Kajari Karo Ditarik Kejagung Usai Kasus Amsal Sitepu, Terancam Sanksi Etik


Kasus yang melibatkan videografer Amsal Christy Sitepu kembali menjadi sorotan. Kali ini, Kejaksaan Agung mengambil langkah tegas dengan menarik Kepala Kejaksaan Negeri (Kajari) Karo, Dante Rajagukguk, bersama sejumlah jaksa yang menangani perkara tersebut.

Langkah ini dilakukan setelah muncul dugaan pelanggaran etik dalam proses penanganan kasus, terutama setelah pengadilan memutuskan bahwa Amsal tidak terbukti bersalah dan membebaskannya dari seluruh dakwaan.

Penanganan Kasus Disorot

Sebelumnya, jaksa menuntut Amsal dengan hukuman dua tahun penjara terkait dugaan korupsi proyek pembuatan video profil desa di Kabupaten Karo. Namun, majelis hakim menilai tidak ada cukup bukti yang menunjukkan adanya tindak pidana, sehingga terdakwa dinyatakan bebas.

Putusan ini memicu perhatian publik dan turut dibahas di parlemen. Komisi III DPR RI bahkan menggelar rapat untuk mengevaluasi proses hukum yang dilakukan oleh Kejari Karo.

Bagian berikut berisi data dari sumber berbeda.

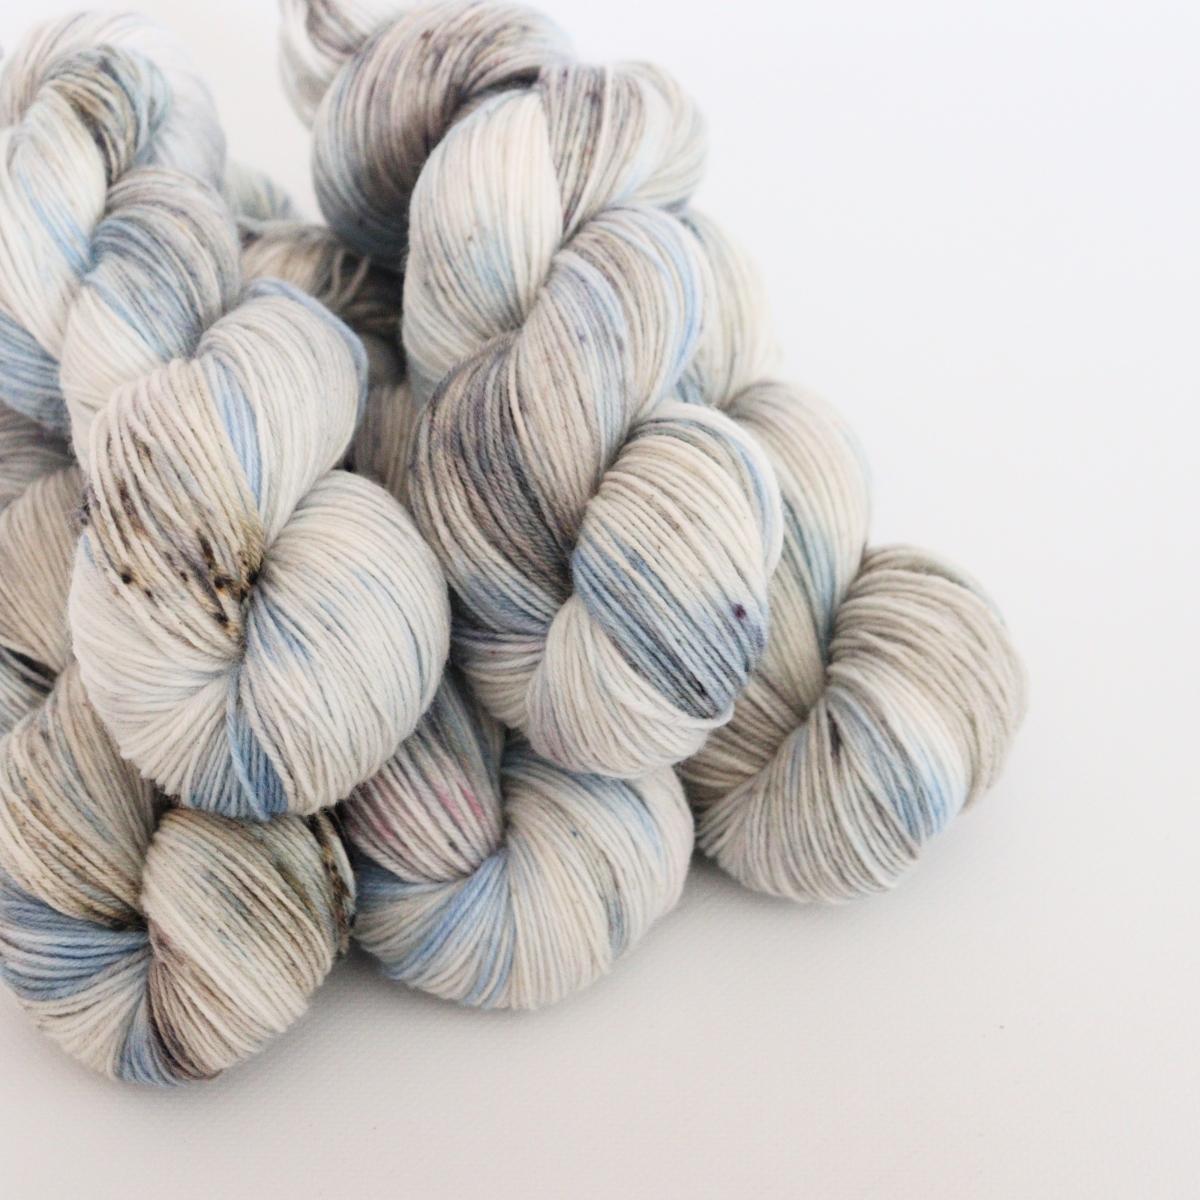 woodico.pro hand dyed yarn 063 2 1200x1200 - Hand dyed yarn / 063

Pemeriksaan Internal oleh Kejagung

Kepala Pusat Penerangan Hukum Kejagung, Anang Supriatna, menjelaskan bahwa pihaknya telah membawa Kajari Karo beserta tim jaksa ke pusat guna menjalani pemeriksaan internal.

Menurutnya, proses ini bertujuan untuk mengklarifikasi apakah penanganan perkara telah dilakukan secara profesional atau justru terdapat pelanggaran.

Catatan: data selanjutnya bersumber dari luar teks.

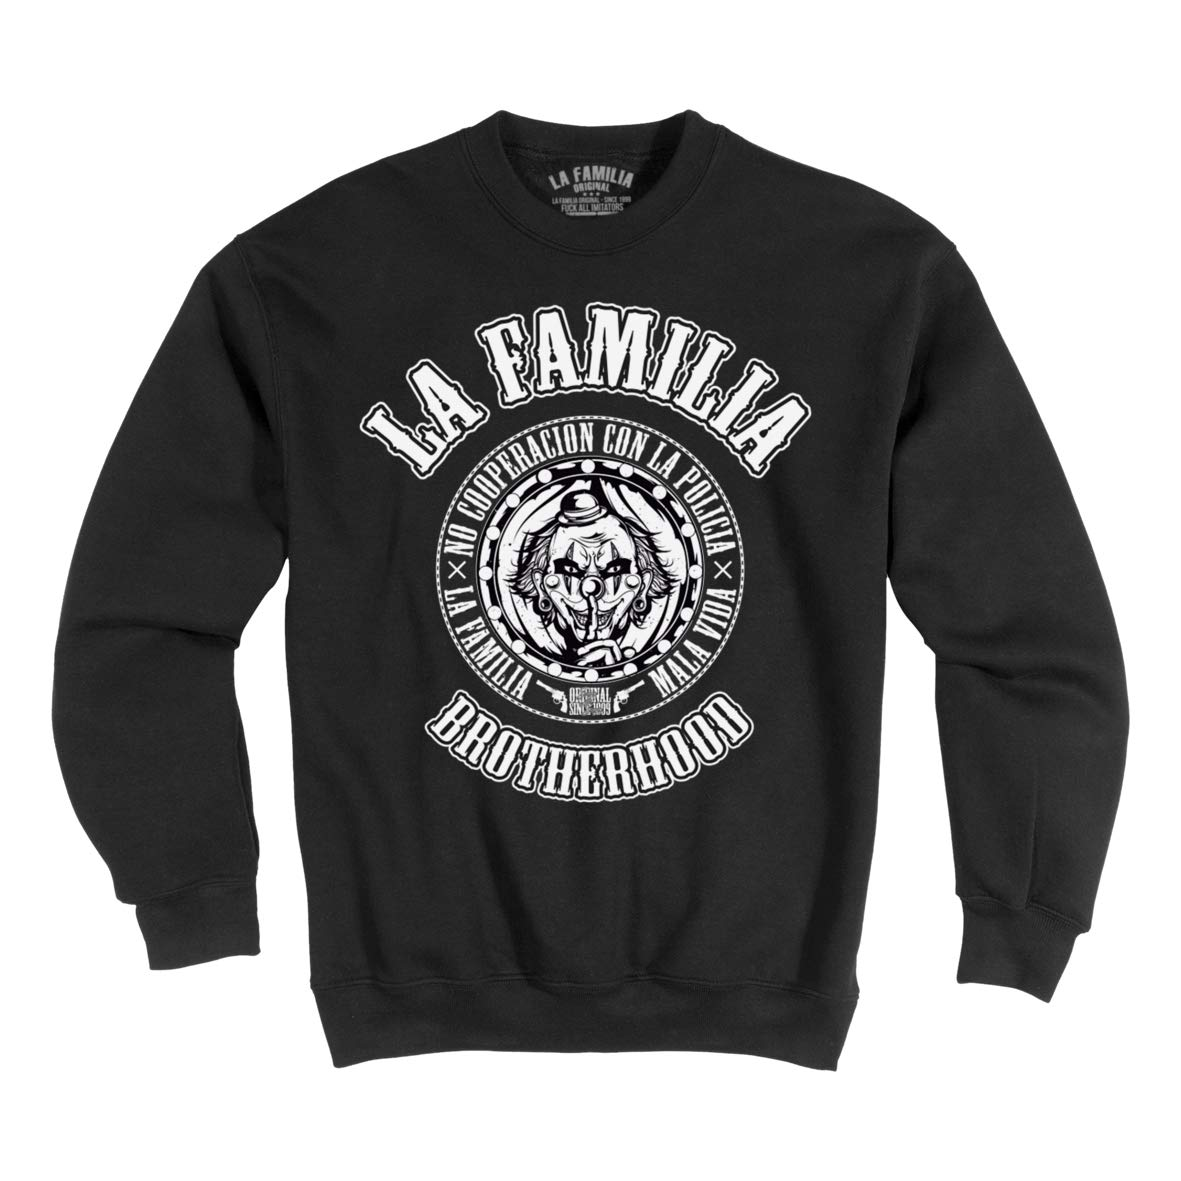 Mi Barrio LA Familia ORIGINAL NOCOP Brotherhood Herren Sweatshirt SCHWARZ (XXL)

Selain itu, tim intelijen Kejagung juga telah mengamankan para jaksa tersebut sebagai bagian dari proses pemeriksaan lebih lanjut.

Potensi Sanksi Etik

Kejagung menegaskan bahwa sanksi akan dijatuhkan apabila terbukti ada pelanggaran dalam penanganan kasus ini. Namun, proses pemeriksaan masih berlangsung dan dilakukan secara hati-hati dengan tetap menjunjung asas praduga tidak bersalah.

Penjelasan dari Kajari Karo

Dalam rapat bersama DPR, Dante Rajagukguk menjelaskan bahwa penahanan terhadap Amsal didasarkan pada ketentuan KUHAP lama, mengingat proses tersebut terjadi pada tahun 2025.

Ia juga mengungkapkan bahwa dugaan korupsi didasarkan pada beberapa temuan, seperti ketidaksesuaian durasi penggunaan peralatan dengan waktu pelaksanaan proyek, serta adanya komponen anggaran yang dianggap tumpang tindih, seperti biaya editing, cutting, dan dubbing.

Namun demikian, argumen tersebut tidak cukup kuat di mata pengadilan untuk membuktikan adanya tindak pidana.

Kritik dari DPR

Dalam forum yang sama, Ketua Komisi III DPR, Habiburokhman, menyoroti lambatnya proses penangguhan penahanan terhadap Amsal. Ia menilai bahwa hak kebebasan seseorang harus menjadi prioritas dan tidak boleh terhambat oleh alasan administratif.

Menanggapi hal tersebut, Dante menyebut jarak antara Karo dan Medan sebagai salah satu kendala yang menyebabkan keterlambatan.

Kesimpulan

Kasus ini tidak hanya menyoroti dugaan kesalahan dalam proses hukum, tetapi juga menjadi momentum evaluasi bagi aparat penegak hukum. Keputusan akhir dari Kejagung akan menentukan apakah terdapat pelanggaran etik yang berujung pada sanksi terhadap pihak-pihak terkait.